St Peter is a CCT church right in the heart of Sudbury and is, externally, stunning but I found the interior a bit of let down. This may have been due to a book fair being conducted in the nave but I just found the whole too forensic and sterile.

Having said that I did like elements such as the rood screen dados, the reredos and the south chapel altar as well as the interesting crucifixion graffiti in the south chapel.

Thinking that I might be being a bit harsh I went to the excellent SimonK's site to see what he made of it and must say that when I visited I had a warm welcome and was positively encouraged to take photos!

ST PETER. Perp: although large and convincingly expressing the wealth of a prosperous wool-manufacturing town, this church was built as a chapel of ease. W tower of c. 1460-85, with a pretty copper spirelet of 1810 that tells much in distant views. Nave and aisles, clerestory with a doubling of windows. Chancel and chancel chapels. The aisles embrace the tower. S porch two-storeyed, three niches in the front. The ground floor was intended to be vaulted. No N porch. Tall arcades of five rather narrow bays, the piers with four attached shafts and four small hollows in the diagonals. The chancel redecorated by Bodley, 1898 . Vestry under the chancel. - By Bodley also the tall reredos. - Handsome BALCONY right above the chancel arch and the former rood. - ROOD SCREEN. Dado with completely repainted figures. - PARCLOSE SCREENS. Very rich, though with only one-light divisions. But the arches are broad and there is much cusped tracery. - DOORS. S and N doors with tracery. - FONT. Octagonal, Perp. The bowl with cusped pointed quatrefoils. - PAINTINGS. Moses and Aaron (N aisle, W end), from the C18 reredos. Painted by Robert Cardinall, early C18. - EMBROIDERY. Alderman’s Pall, C15. Among the embroidered motifs small kneeling figure in shroud, with prayers from the Vulgate. - Preaching Cloth, i.e. Pulpit Frontal, Jacobean.


South chapel altar

Grafitti (2)

St Peter’s stands on Market Hill with Gainsborough in front. It is nearly all 15th century, but has Norman stones in its tower. The curious angle of its west wall is due to the fact that houses stood close up to it in other days. It has fine old traceried doors, a 17th century nave roof panelled in blue and gold, fine screens, a medieval font once used as a cattle trough, two medieval choir-stalls, and a pair of fine chairs with 16th century carving; on one chair is a man with a wide-brimmed hat and on the other a Nativity with three shepherds, an ox, and an ass looking on. Over the two doors are two faded paintings of Moses and Aaron by a Suffolk pupil of Sir Godfrey Kneller.

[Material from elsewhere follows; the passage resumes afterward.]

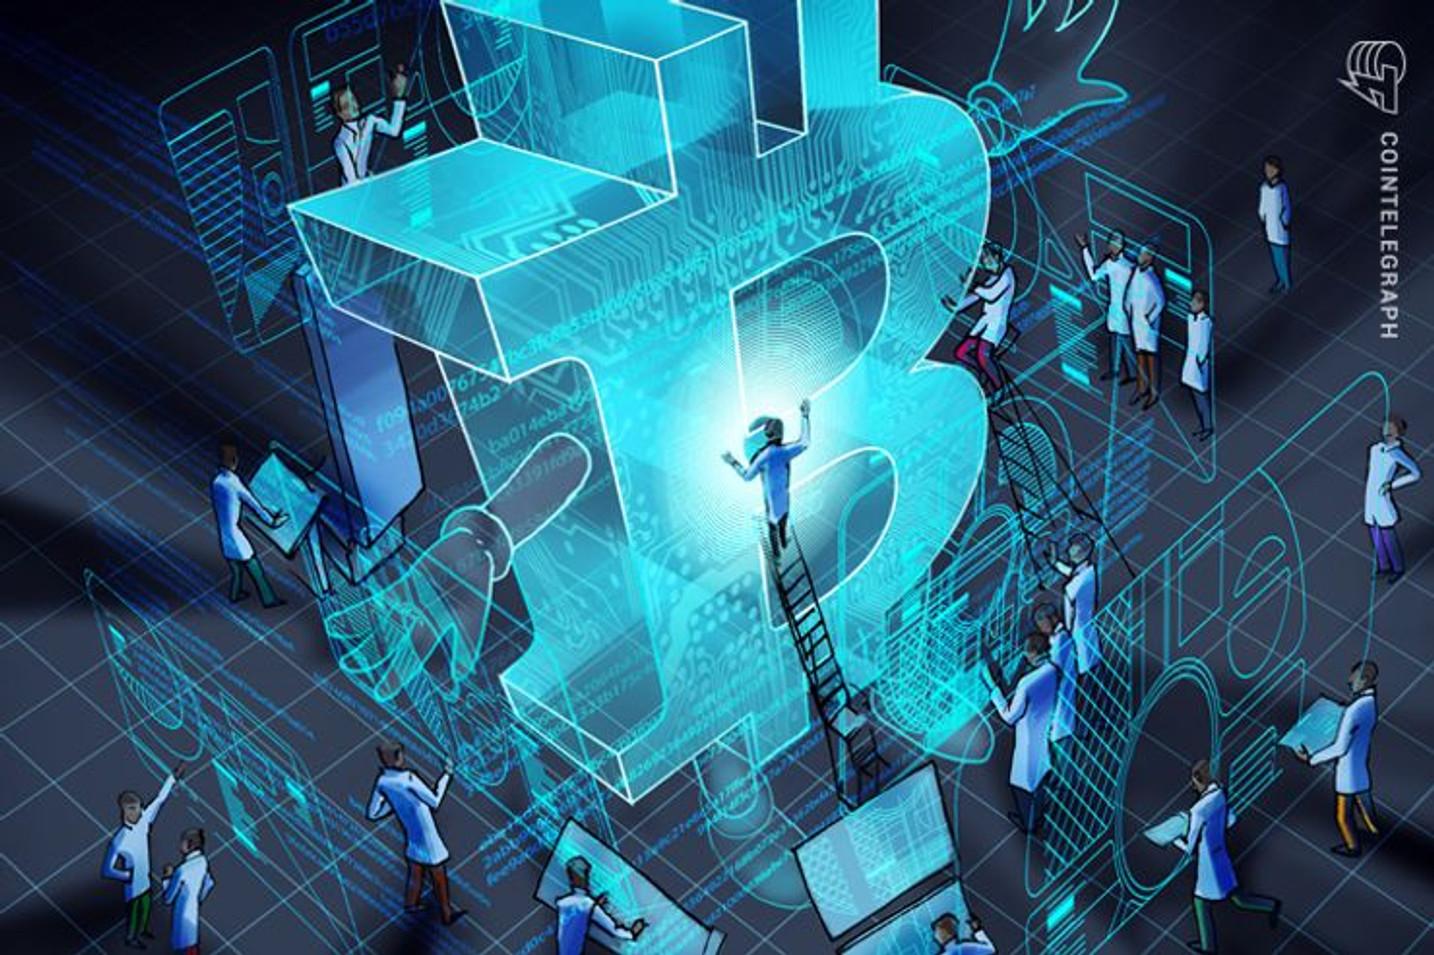 Empresa de advocacia americana lança base de dados com todas ações judiciais envolvendo criptomoedas

The elaborate decoration of the chancel is by George Frederick Bodley, whose reredos shows the Annunciation and the Crucifixion in deep relief under golden canopies. Much finer, however, is the oak reredos in the south chapel, with the Last Supper above and the Nativity below; it has shepherds with their crooks, angels under canopies, and richly painted tabernacle work.

Three fragments of medieval England St Peter’s has, a piece of embroidery of 1500, rood screen panels with eight painted saints, and a long narrow oak canopy which once sheltered a crucifix; it is still where it would be then, over the lofty chancel arch. The embroidery, the great treasure of the church, is known as the Sudbury Pall and is still used at the burials of aldermen. It is of maroon velvet with a fringe of green and gold, and round it are floral ornaments worked in gold and silver thread with kneeling figures in white shrouds. Above the figures are fine scrolls with prayers on them. There is a more modest example of embroidery in the royal arms on the cloth of the Jacobean pulpit.